START Provided material

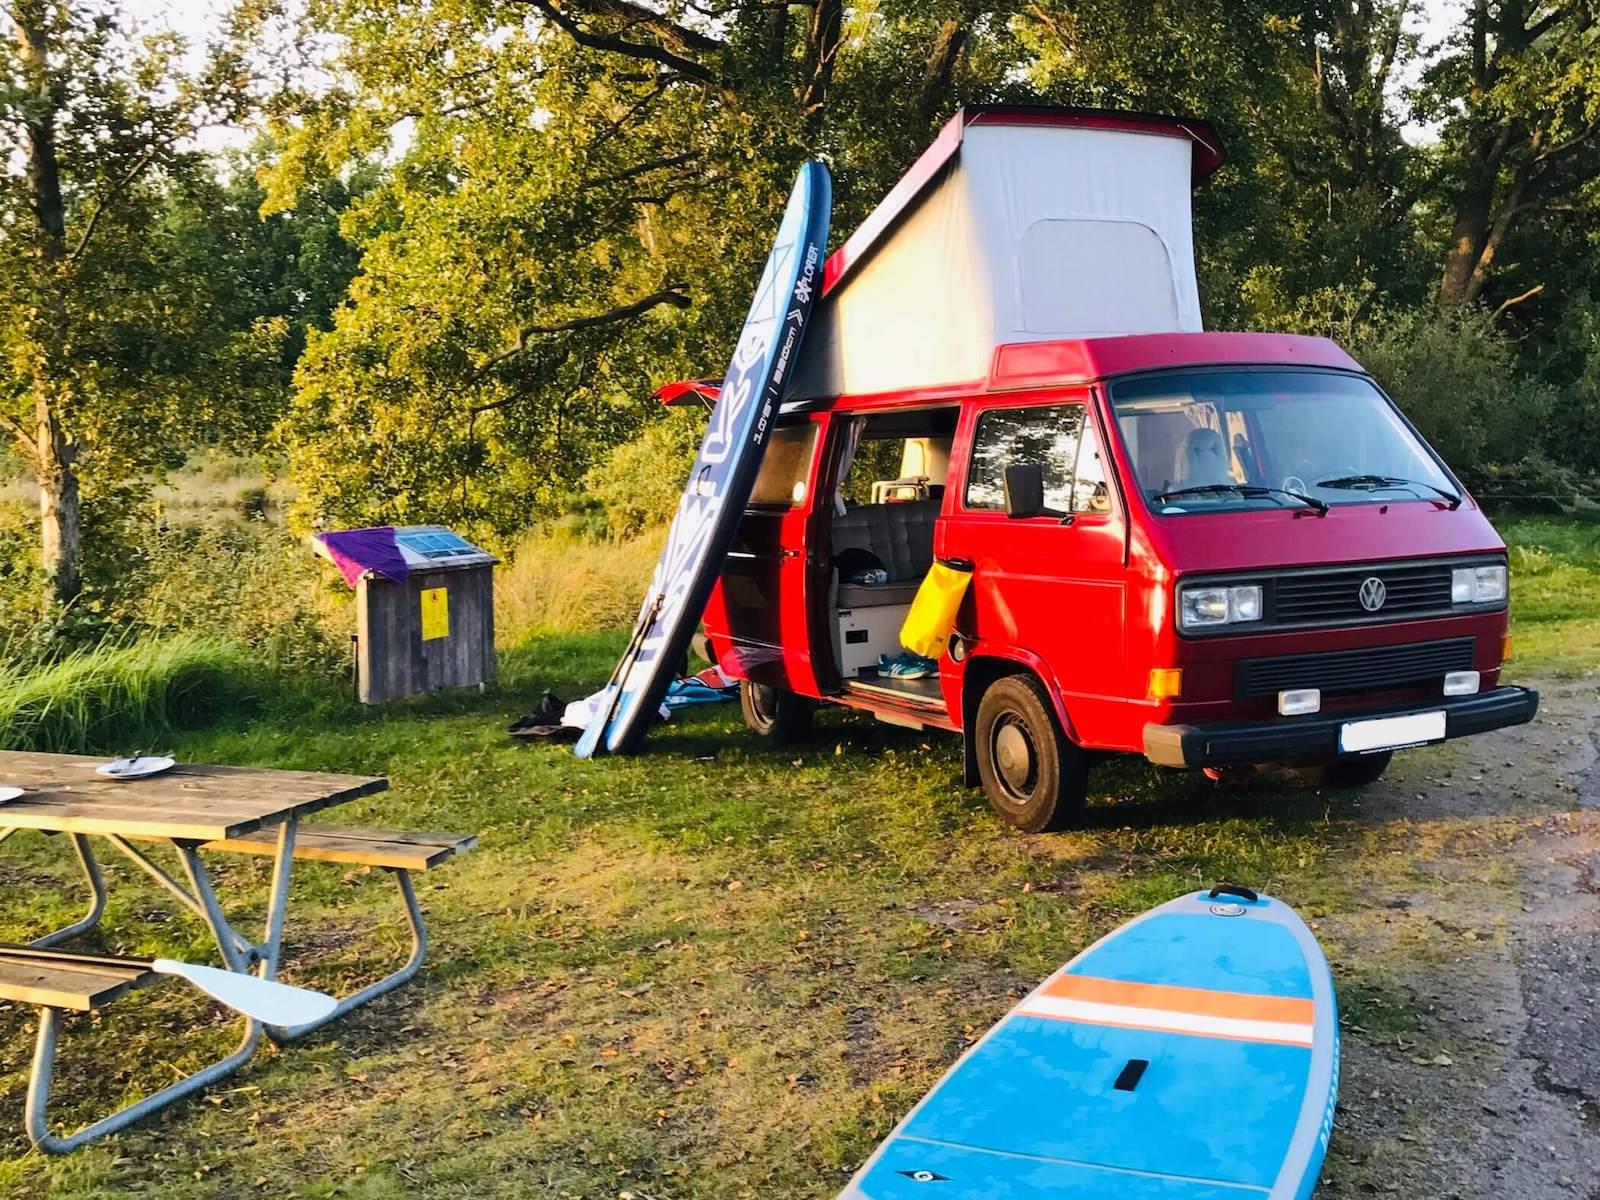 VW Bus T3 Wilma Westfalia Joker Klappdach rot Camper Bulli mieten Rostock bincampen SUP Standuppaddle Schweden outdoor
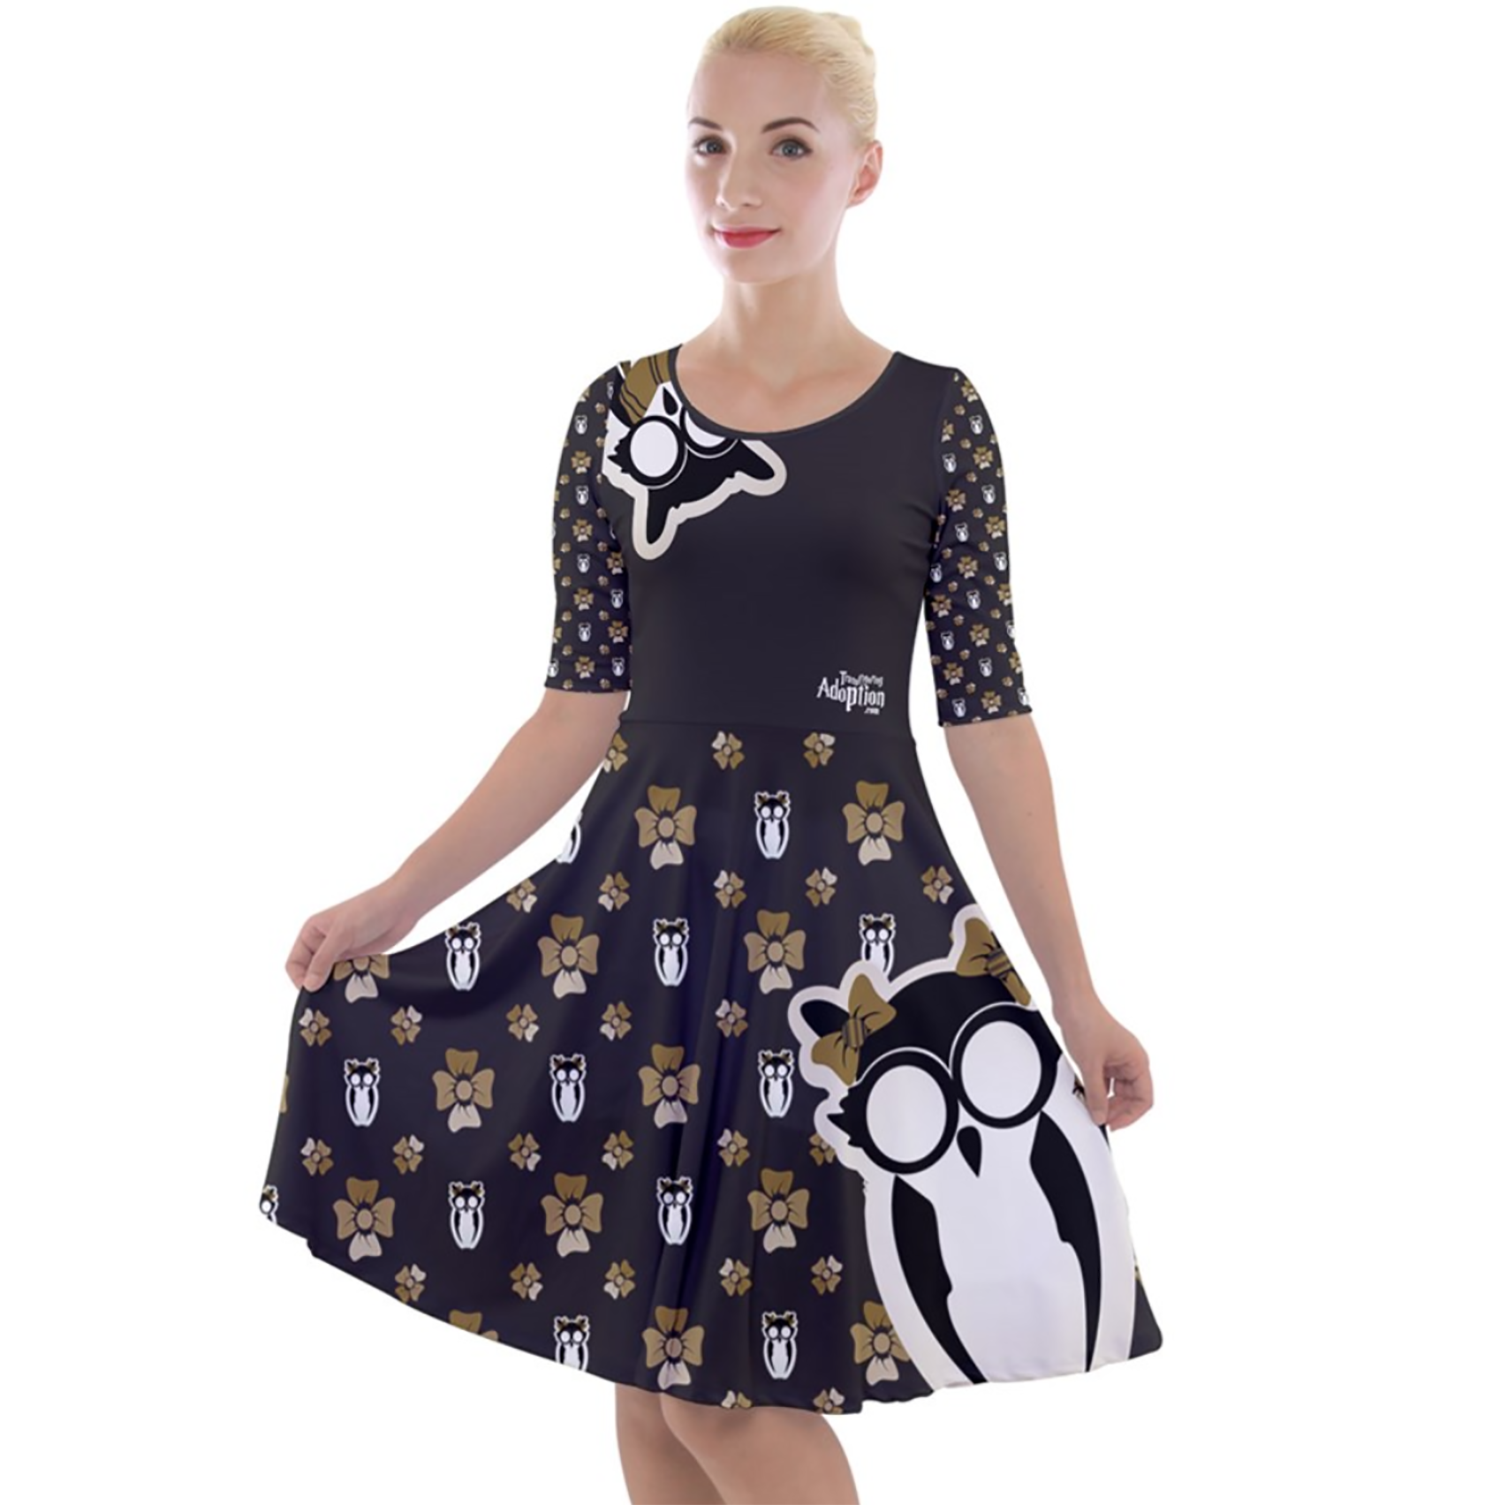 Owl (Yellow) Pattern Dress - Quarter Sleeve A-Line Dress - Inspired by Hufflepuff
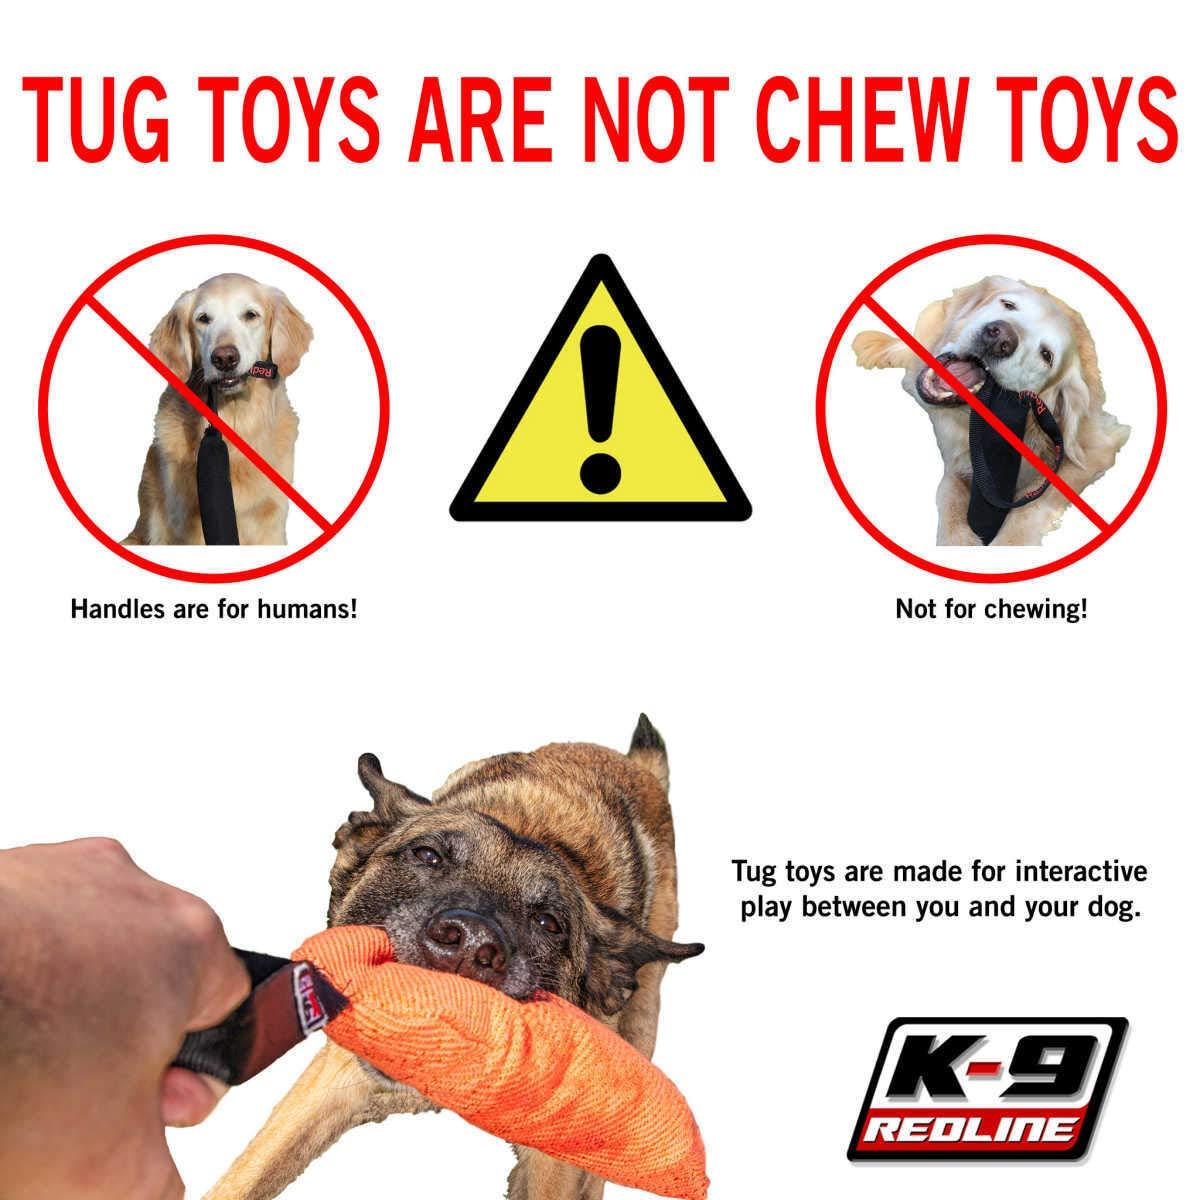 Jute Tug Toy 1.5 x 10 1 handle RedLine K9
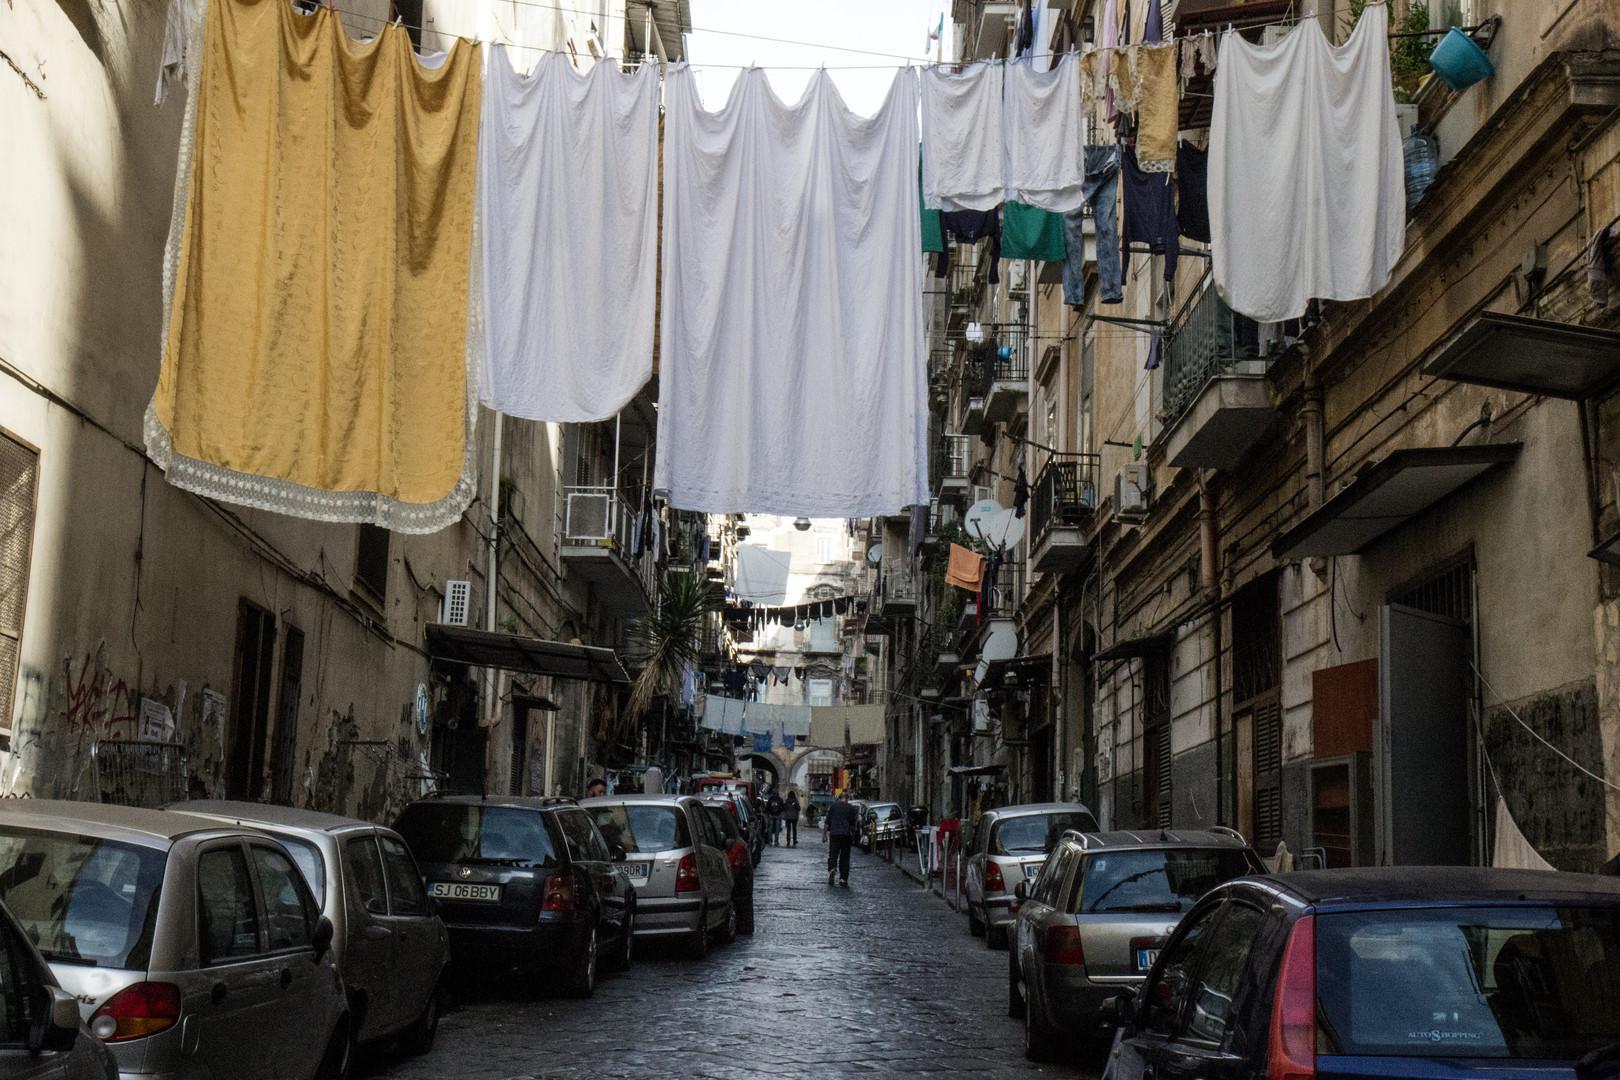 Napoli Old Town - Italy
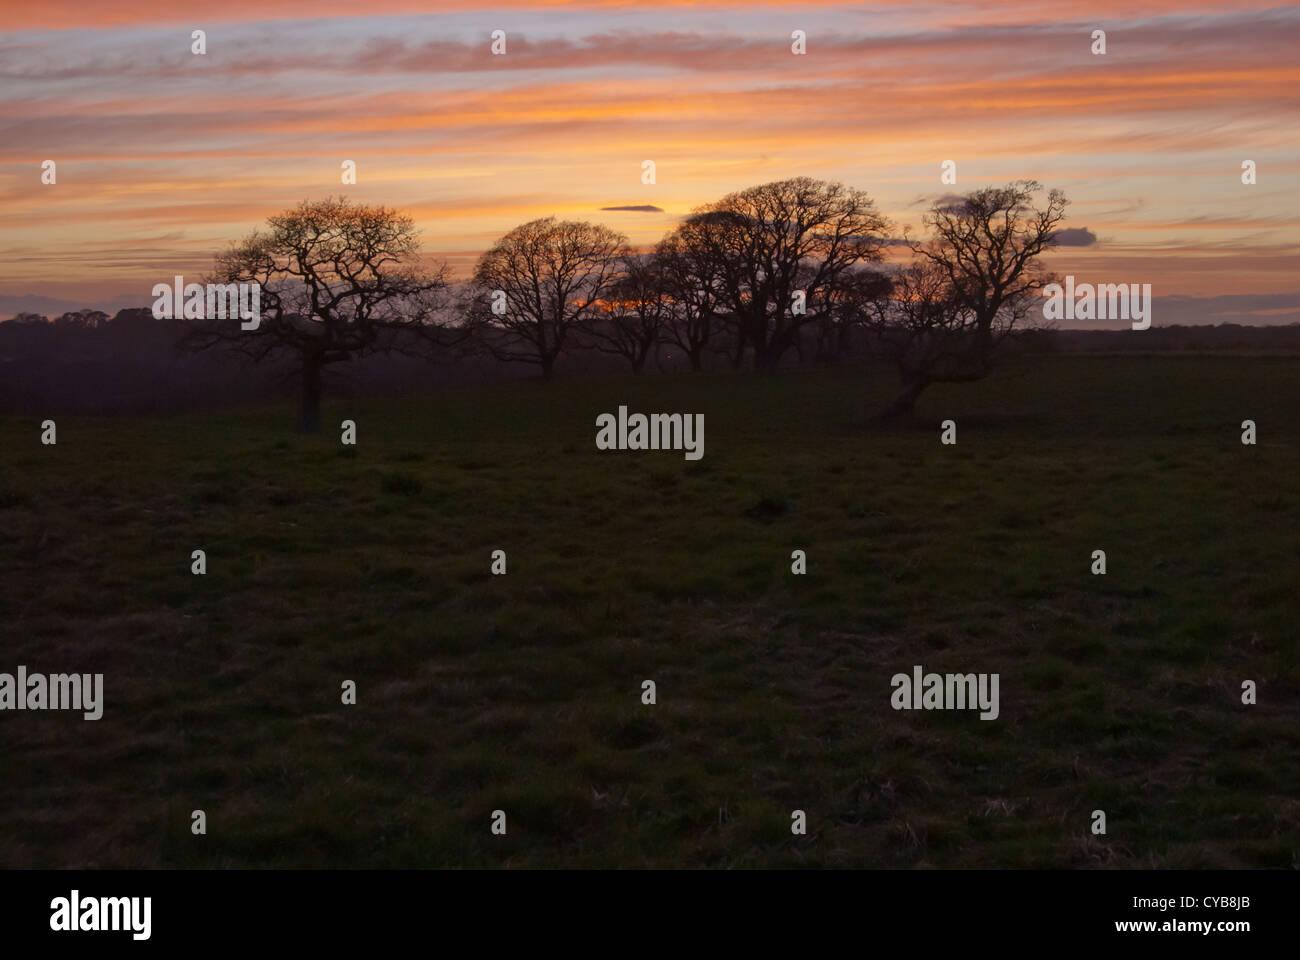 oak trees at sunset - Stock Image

END Provided material

__Problem description__: Copy out the entries verbatim, but skip every picture.

__Solution__:
 VW Bus T3 Wilma Westfalia Joker Klappdach rot Camper Bulli mieten Rostock bincampen SUP Standuppaddle Schweden outdoor
 Owl (Yellow) Pattern Dress - Quarter Sleeve A-Line Dress - Inspired by Hufflepuff
 Jute Tug Toy 1.5 x 10 1 handle RedLine K9
 Napoli Old Town - Italy
 oak trees at sunset - Stock Image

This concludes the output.